* _Work to complete_
For the listing below, return the line containing "NBA解説系YouTuber", the line containing "Light Grey Fuzzy Rabbit Hair CapLight", and all lines in between, exactly as written and nothing else.

* _Provided material_
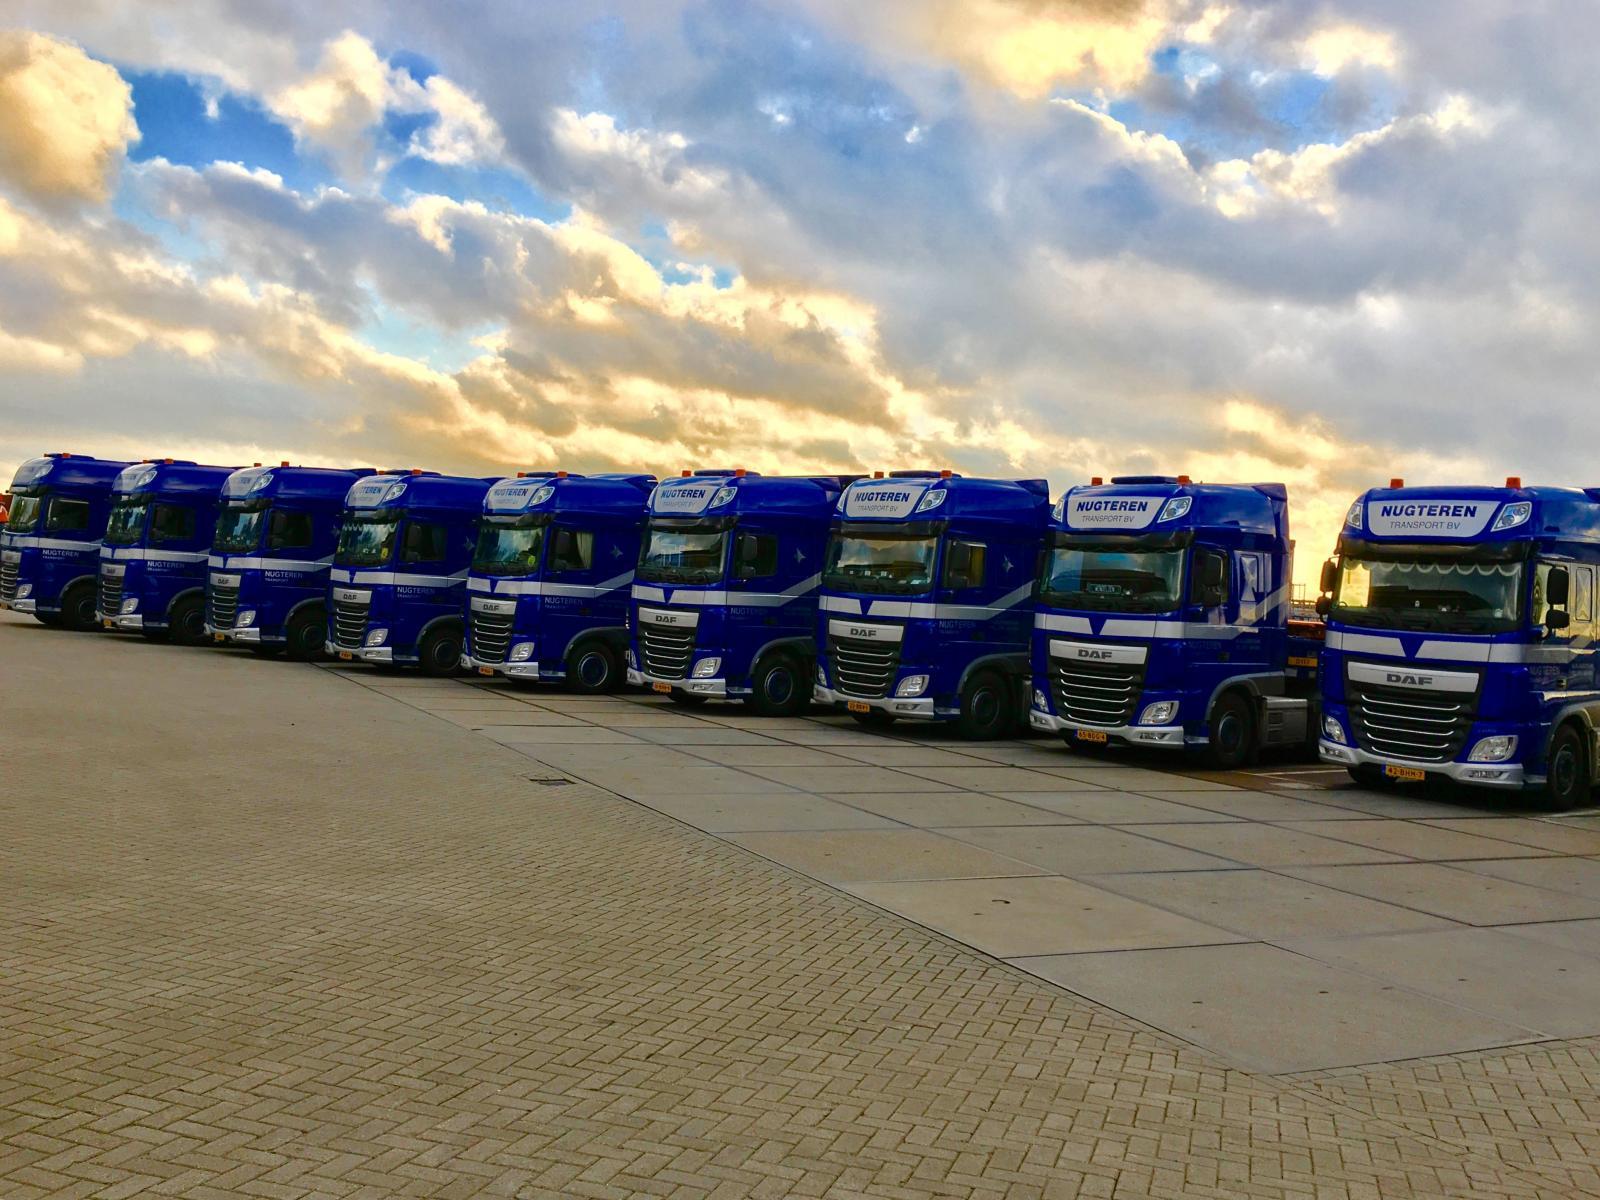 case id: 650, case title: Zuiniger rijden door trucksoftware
* * *
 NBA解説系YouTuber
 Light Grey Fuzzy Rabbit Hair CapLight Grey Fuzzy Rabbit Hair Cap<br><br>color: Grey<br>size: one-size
* * *
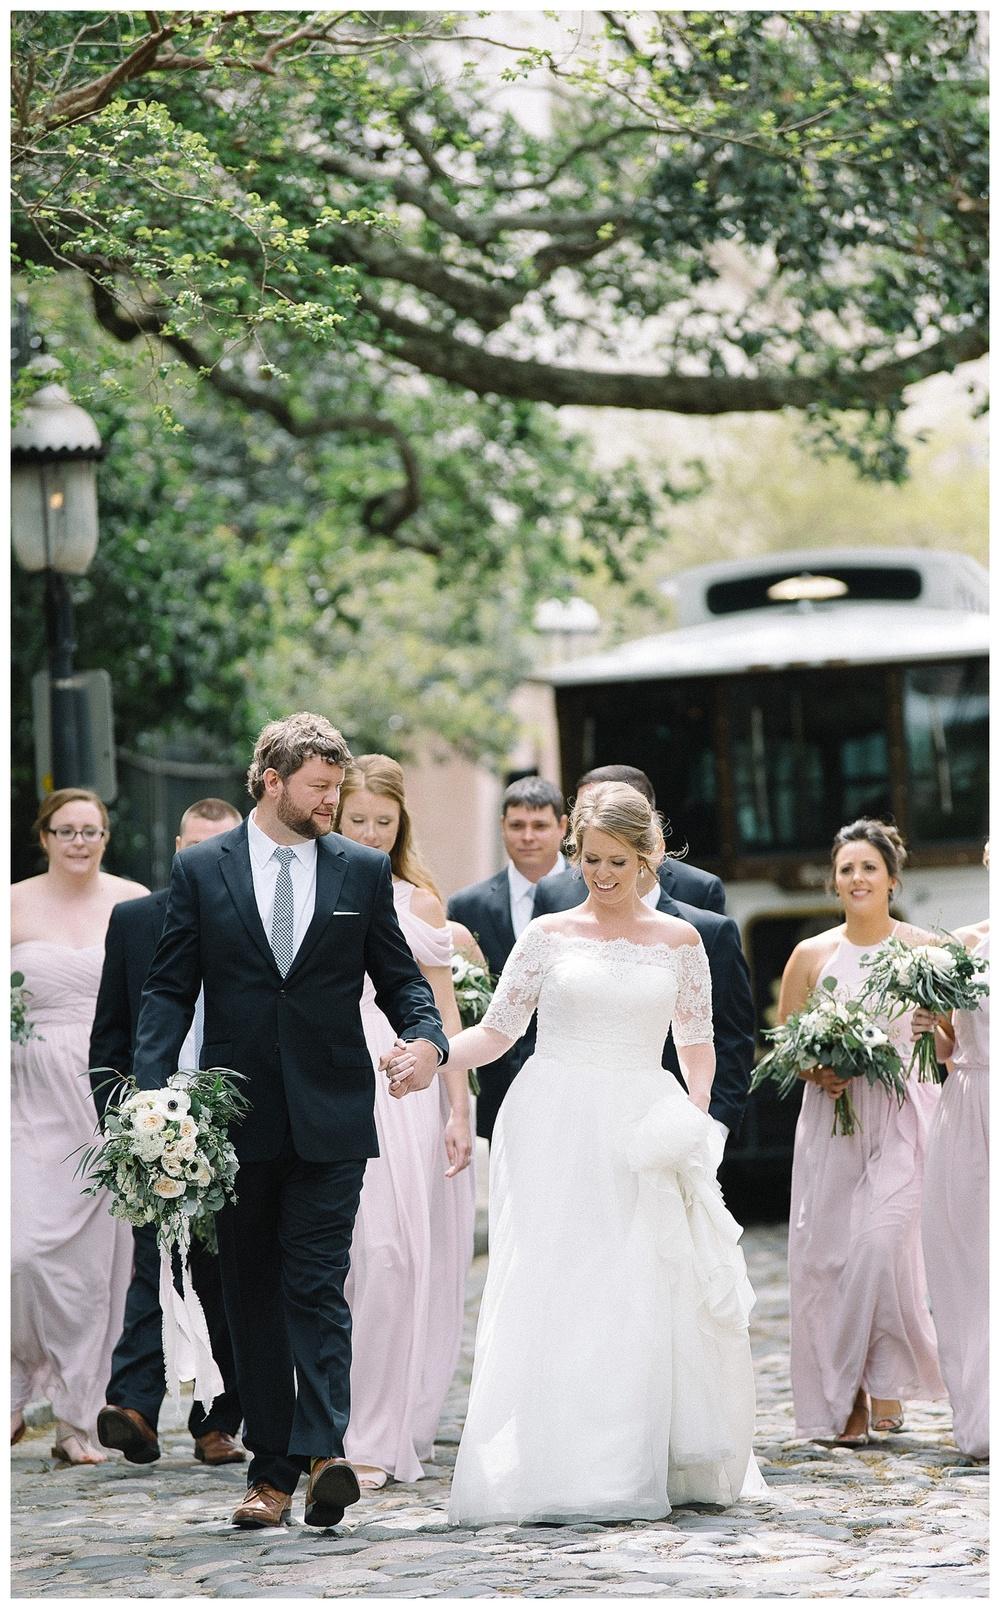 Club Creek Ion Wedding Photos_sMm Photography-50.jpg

* _Solution to the exercise_
 NBA解説系YouTuber
 Light Grey Fuzzy Rabbit Hair CapLight Grey Fuzzy Rabbit Hair Cap<br><br>color: Grey<br>size: one-size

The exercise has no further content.